# Storm door vs. WIND! UGH!



## MarkW757 (May 2, 2009)

i have a customer who's storm door keeps blowing open and causing damage. it has lights(glass) on the sides so i can only put screws up to a certain length in the closer bracket. the door is a full glass with a screen rolled up in the top so the only place for the closer is at the very bottom which makes it worse. one closer at one extreme end. only solution i can come with up at this point is to get another type storm door where i will be able to get two closers on the door. they have agreed to this and are ready to go forward. my concern is that it is very flat and open where they live and i am wondering if this is going to be enough. are there any storm doors or closers that are made for these conditions or do we just spend the money and hope for the best?(eek) this is not usually the case in my area so i thought maybe someone who lived in a place where it was more common may have an answer.
thanx for any insight.


----------



## neolitic (Apr 20, 2006)

That's what those ugly chain
and spring thingys are for.


----------



## Cletus (Jan 7, 2008)

You could look at Wright Products V660 closer.

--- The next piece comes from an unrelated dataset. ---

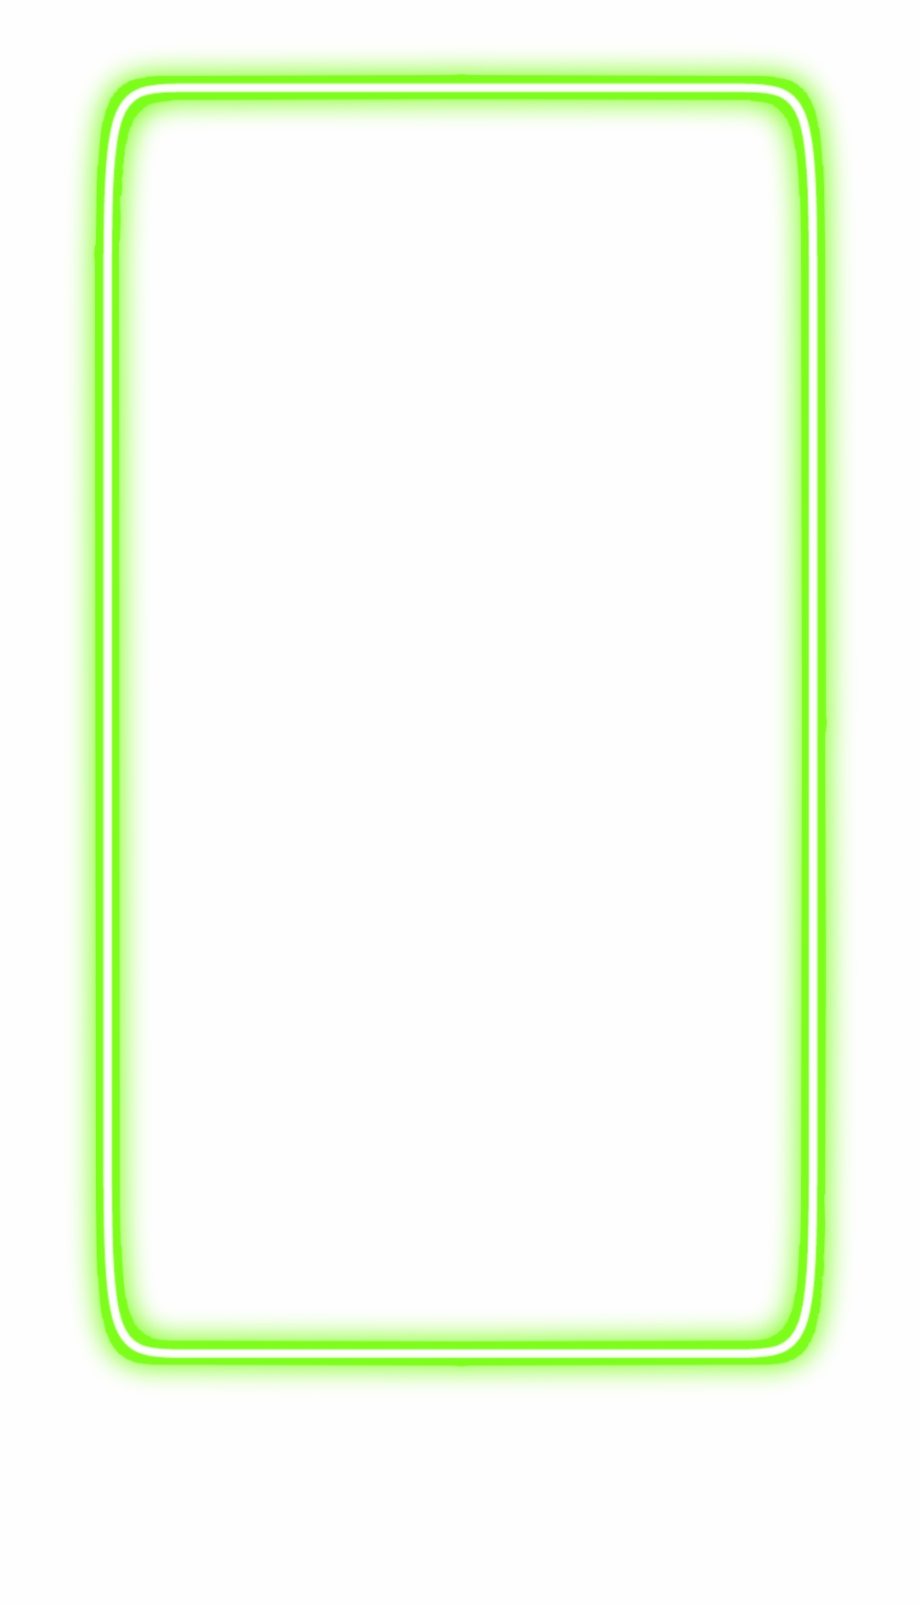 Neon Rectangle Freetoedit Green Frame Border Display Device

http://www.wright-products.com/products/storm_door_products/closers

Or CRL's DC51. It may require too much opening force though.

http://www.crlaurence.com/ProductPages/D/DC51A_3609.html?Origin=


----------



## mhillc (Apr 5, 2009)

Tell them to try holding the door when they open it:whistling


----------



## Tinstaafl (Jan 6, 2008)

MarkW757 said:


> only solution i can come with up at this point is to get another type storm door where i will be able to get two closers on the door.


That's the best place to start. Then back those up with Neo's ugly chain thingy. But I've seen situations where even all that wasn't good enough. Then you can start looking at installing stop blocks on the outside.


----------



## ERAD_DIB (Mar 13, 2009)

Any chance to upsell it a little, to include just enough of an enclosure so the wind can't get behind the door and yank it wide open? Even if the side walls were solid on the lower half and lattice on the upper halves, it might break the wind enough to keep it from snatching the door back far enough to do damage.
You'd probably have to widen the top step to accommodate that. And a roof over those "windwalls" would keep the rain off while they're unlocking the inside door, etc.


----------